First blood decidedly went to Warne, having Tendulkar caught by Mark Taylor at slip for just 4 as India was bowled out for 257. Warne took 4-85.
Australia established a 71-run lead after its first dig (Tendulkar caught Warne off the bowling of Anil Kumble during that innings, as an aside) before the Indians erased that to be 2-115 as Tendulkar came to the crease.
Warne was immediately called upon to bowl as Tendulkar came out — and Tendulkar blew him away.
Adopting an open stance to counter Warne’s turn from the rough, and playing the ball devilishly late, Tendulkar toyed with Warne to score 155 not out off 191 balls — his strike rate of 81.15 was best of any batter bar Sourav Ganguly, whose 36-ball cameo preceded a declaration of 4-418.
Warne ended with innings figures of 1-122 from his 30 overs.
Australia was then bowled out for 168, handing India a commanding victory.
A nondescript ODI has to be pretty special to make a list like this, but this round-robin clash in the Sharjah Cup probably counts.
Australia managed 7-284 in the day night match in Sharjah thanks to an unbeaten 101 from Michael Bevan.

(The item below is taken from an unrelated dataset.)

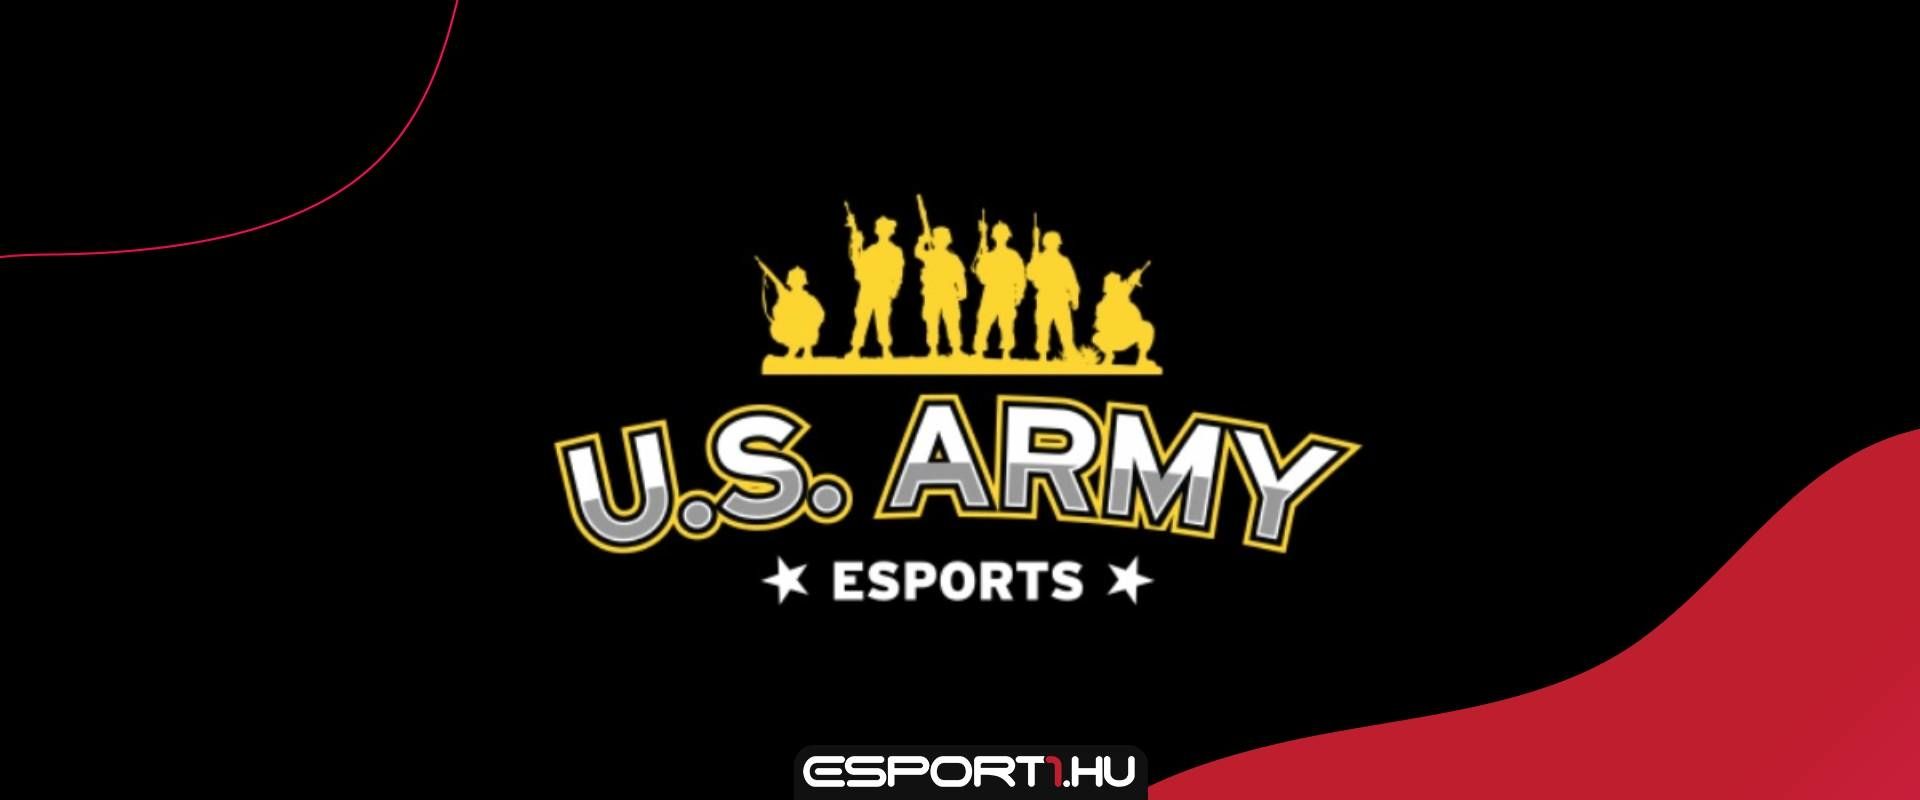 Call of Duty bajnoksággal toboroz az amerikai hadsereg

India needed to win or only lose narrowly qualify for the final, which was set to be played on ANZAC Day just a couple of days later. Otherwise, it would be New Zealand who would meet the Aussies.
Soon after India began its chase, a sandstorm stopped play, reducing India’s target from 285 to 276 in 46 overs.

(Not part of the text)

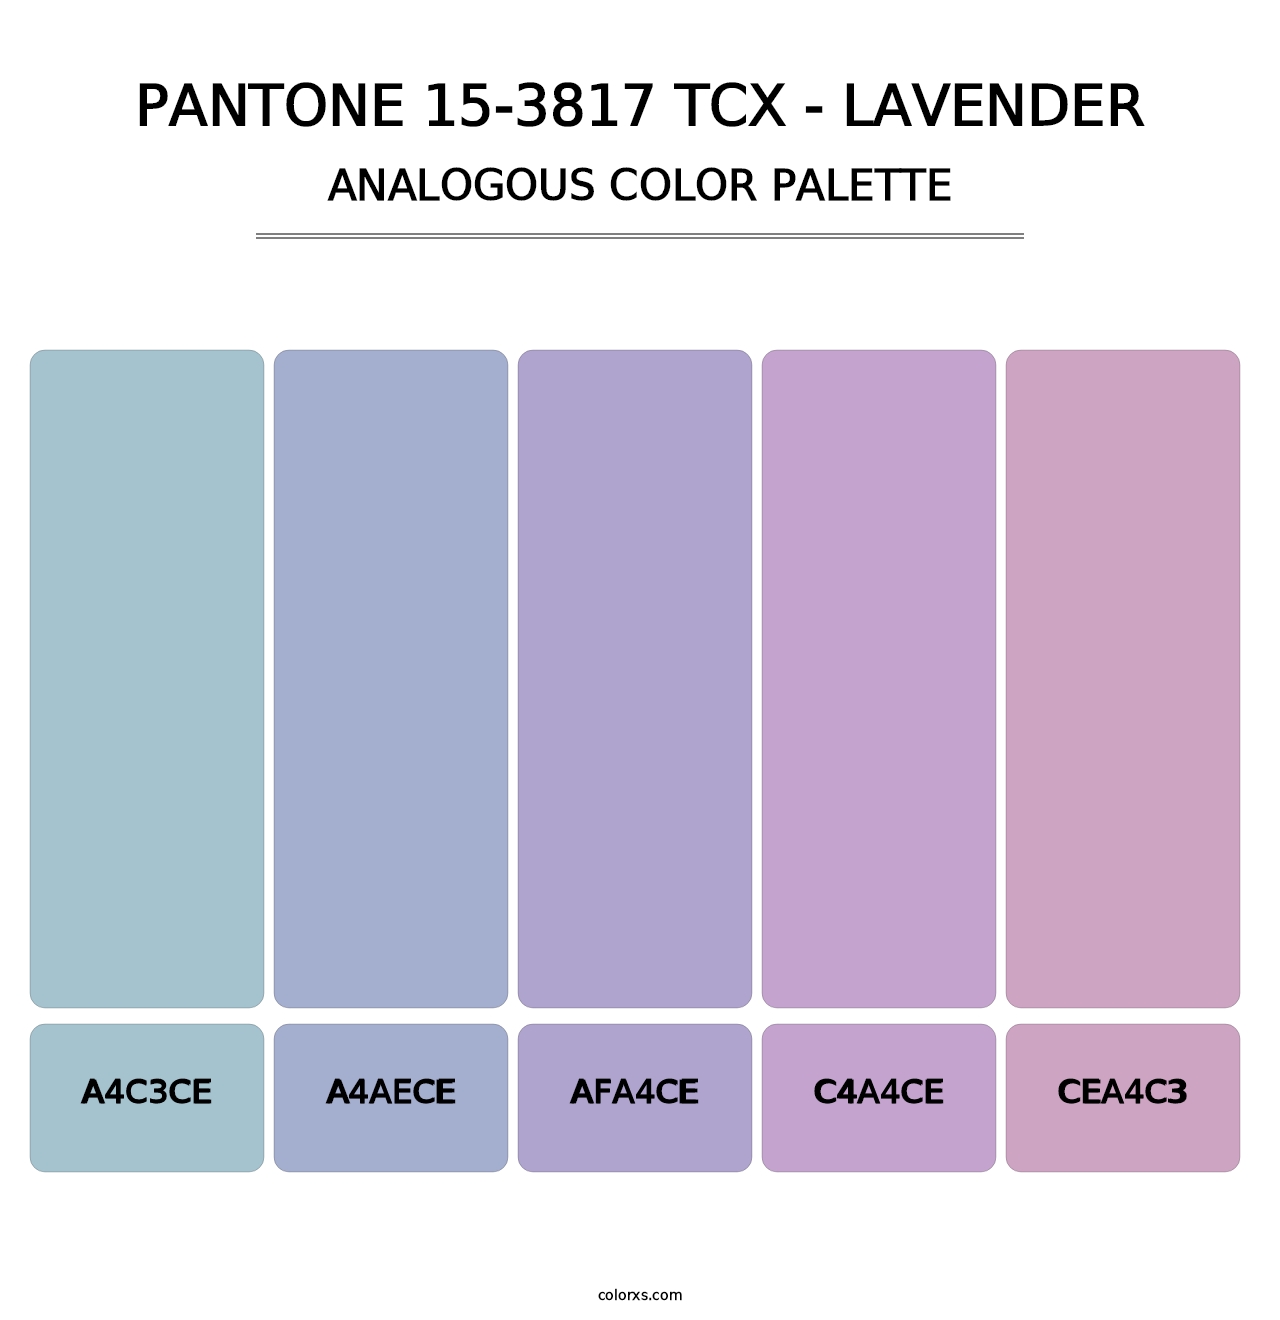 PANTONE 15-3817 TCX - Lavender - Analogous Color Palette

After the resumption, Sachin Tendulkar stepped up to the task, blasting 143 from 131 to put India within touching distance.
Although they ultimately fell short, Tendulkar used that innings as a springboard in the final at the same venue, hitting 134 in 131 balls to hand India a six-wicket victory with nine balls to spare.
There wouldn’t be a list of memorable moments between these two nations without at least one debatable umpiring decision.
In the fourth innings of the Adelaide Oval Test of 1999, with India 3-27 chasing 396 to win, India captain Sachin Tendulkar was facing Glenn McGrath, who intimated that he would pepper the little master with a smattering of short bowling.
McGrath came steaming in and pitched the ball short, so Tendulkar ducked, but the ball didn’t get up as much as expected and struck him on the back of his shoulder.
After deliberating, umpire Daryl Harper raised his finger to dismiss Tendulkar for a five-ball duck.
India was all out for 110, giving Australia a 285-run victory and an open can of worms about the use of home umpires in Test matches.
So, was it out? Decades before ball tracking, it’s hard to tell, but on closer view you could be convinced that the ball would have clipped the stumps.
It’s the stuff of dreams.
Boxing Day. The MCG. A fresh baggy green in your possession. And five Test wickets on debut.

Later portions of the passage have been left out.